Говоря Жаклин о «духовной инициативе», Пастернак – юрист! – отгораживался от азбучных юридических обстоятельств, от невозможности строить деловые отношения на эфемерной основе. Предлагая волку с овцой жить дружно, он бы, вероятно, не удивился появлению очередного Евграфа с волшебным цилиндром.

В полном противоречии с этим самообманом, в переписке Бориса Леонидовича все чаще начинают обсуждаться весьма земные денежные вопросы. 31 января 1959 года он писал Жаклин:

«Что касается денежных дел, то я не могу придти к окончательному решению. Я даже не представляю себе общей суммы, которую собрал для меня из разных источников Фельтринелли и которую он где-то хранит. Я не хочу этого знать, потому что и без того мое положение в обществе мифически нереально, как нераскаявшегося предателя родины, от которого ждут, что он повинится и поступится своей честью, чего я никогда не сделаю. Если я воспользуюсь заграничными деньгами, то стану настоящим предателем. Я не знаю общей суммы, но она должна быть очень велика. Если она находится под защитой (или под именем) Фельтринелли, пусть так и останется, пусть он берет оттуда деньги по моим указаниям, если ему не трудно, и если он еще согласен терпеть мои колебания и невольную медлительность.

Возможно, что атмосфера вокруг меня изменится. Но я ему бесконечно признателен, больше, чем он может себе представить, за благородство его хлопот и услуг, за трудности и неприятности, которые постоянно возникают у него из-за меня. Он всегда был в высшем смысле честен по отношению ко мне. Не забывайте этого, Жаклин, и не спорьте с ним, не давите на него, – это чистое, легко устранимое недоразумение. Но если он устал от меня (у него есть на это право), тогда я буду умолять Вас заменить его в этой роли и передать все деньги под Ваше наблюдение».

Получив финансовый отчет от Фельтринелли и узнавая время от времени сторонними путями о своих доходах за границей, Пастернак 2 февраля 1959 года писал в Милан через Париж, прося выплатить денежные суммы по приложенному списку. Здесь были и родственники, и переводчики, и незнакомые ему лично корреспонденты, и московские корреспонденты западных агентств, помогавшие в переправке писем.
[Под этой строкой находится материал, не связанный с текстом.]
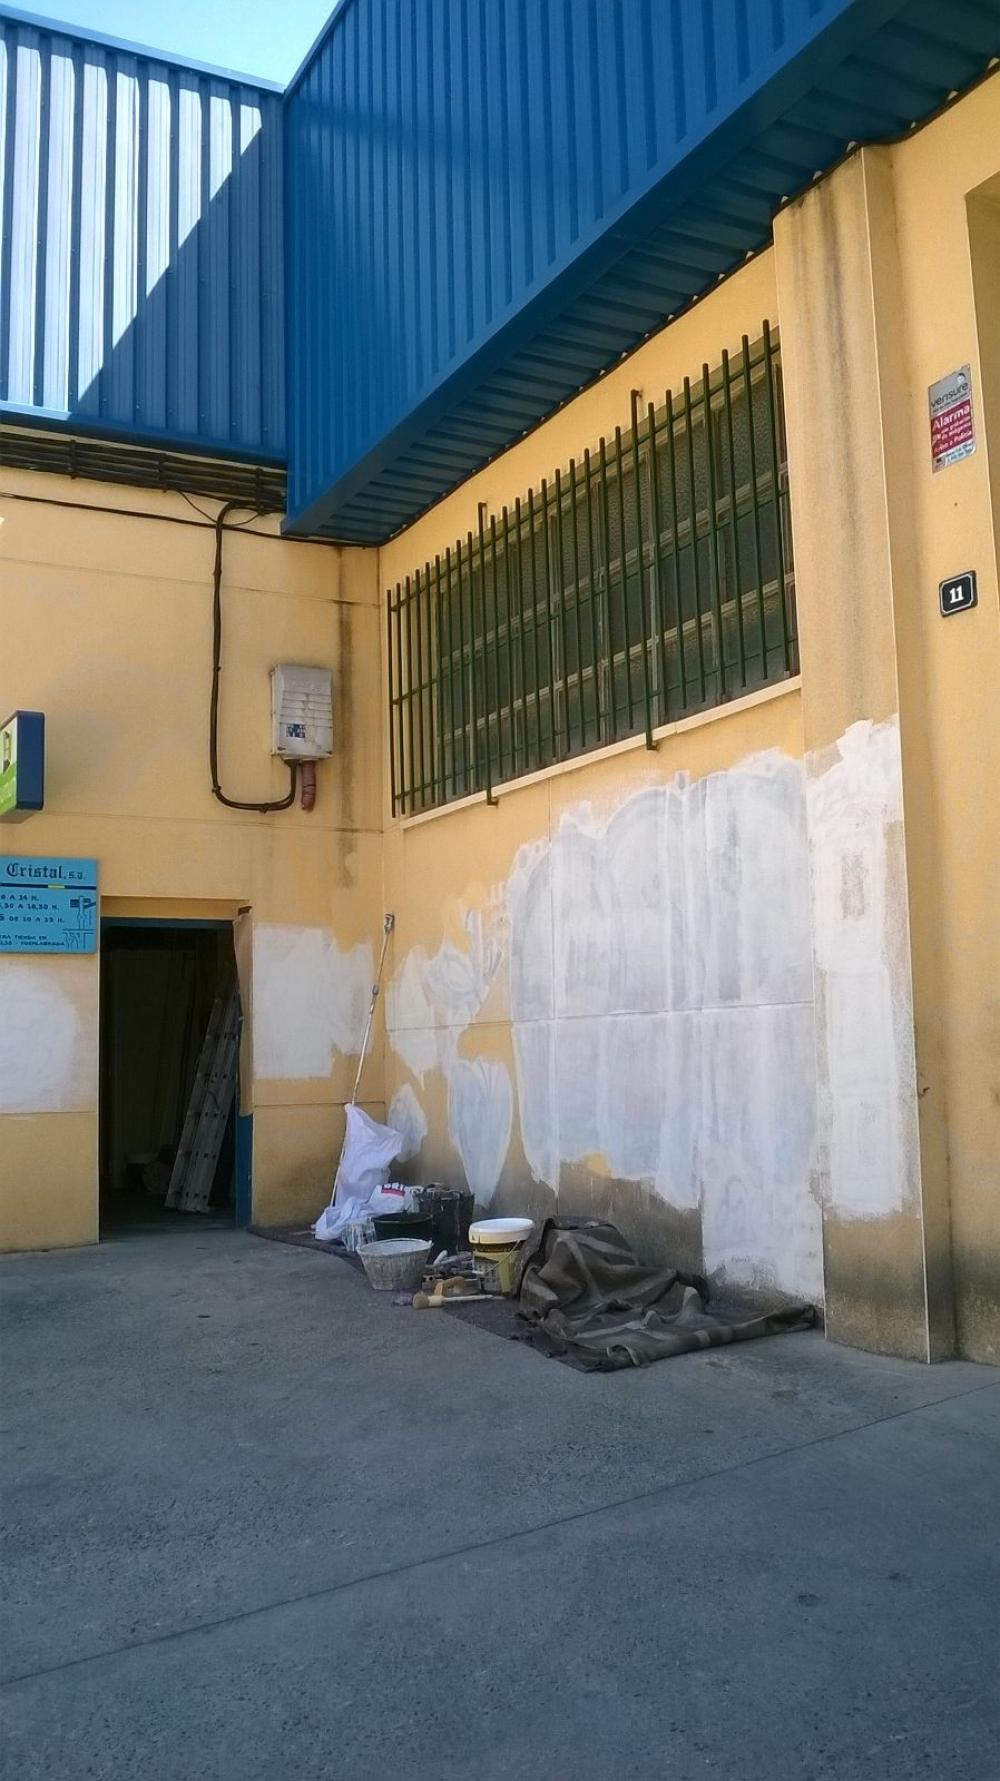 Empresa pintores madrid stunning pintores empresa madrid - Empresa de pintura madrid ...

По десять тысяч долларов полагалось сестрам Лидии и Жозефине, Жаклин де Пруайяр и Элен Пельтье, по пять – Окутюрье, Мартинезу, Цветеремичу, Максу Хейуарду и Мане Харари, по десять – Д'Анджело и Руге, и так далее. В списке был и Джузеппе Гарритано, пришедший в ужас, узнав о том, что ему что-то достанется. По какой-то неведомой причине он боялся, что его имя будет разглашено.

Письмо это, попав к Жаклин, у нее и задержалось, а следом к ней пришла спешная открытка от Ивинской, которая требовала его вовсе не отсылать, потому что, якобы, должны последовать изменения в перечне одаряемых.

Несомненно, запах денег, впервые повисший в воздухе с этих дней начала 59 года – громадных денег, с которыми Пастернак не знал, как поступить, – вскружил голову Ольге Всеволодовне. Именно здесь истоки той драмы, которая разыгралась полутора годами позже, сразу после смерти Пастернака.

Запах денег. Десятки, сотни тысяч долларов, лежащие где-то за стеной. Гонорары, которые можно получать за Хемингуэя. Таинственные доллары, выписываемые простым росчерком пастернаковского пера какому-нибудь Гарритано за мелкую услугу. А что, если Гарритано?.. Нет, Гарритано боится. Может быть, не побоится кто-то другой?

Кстати, Гарритано узнал о включении его в список именно от Ольги Всеволодовны. Она была в курсе того, как легко «классюша» раздает богатства. Классюшей они с дочерью называли Пастернака.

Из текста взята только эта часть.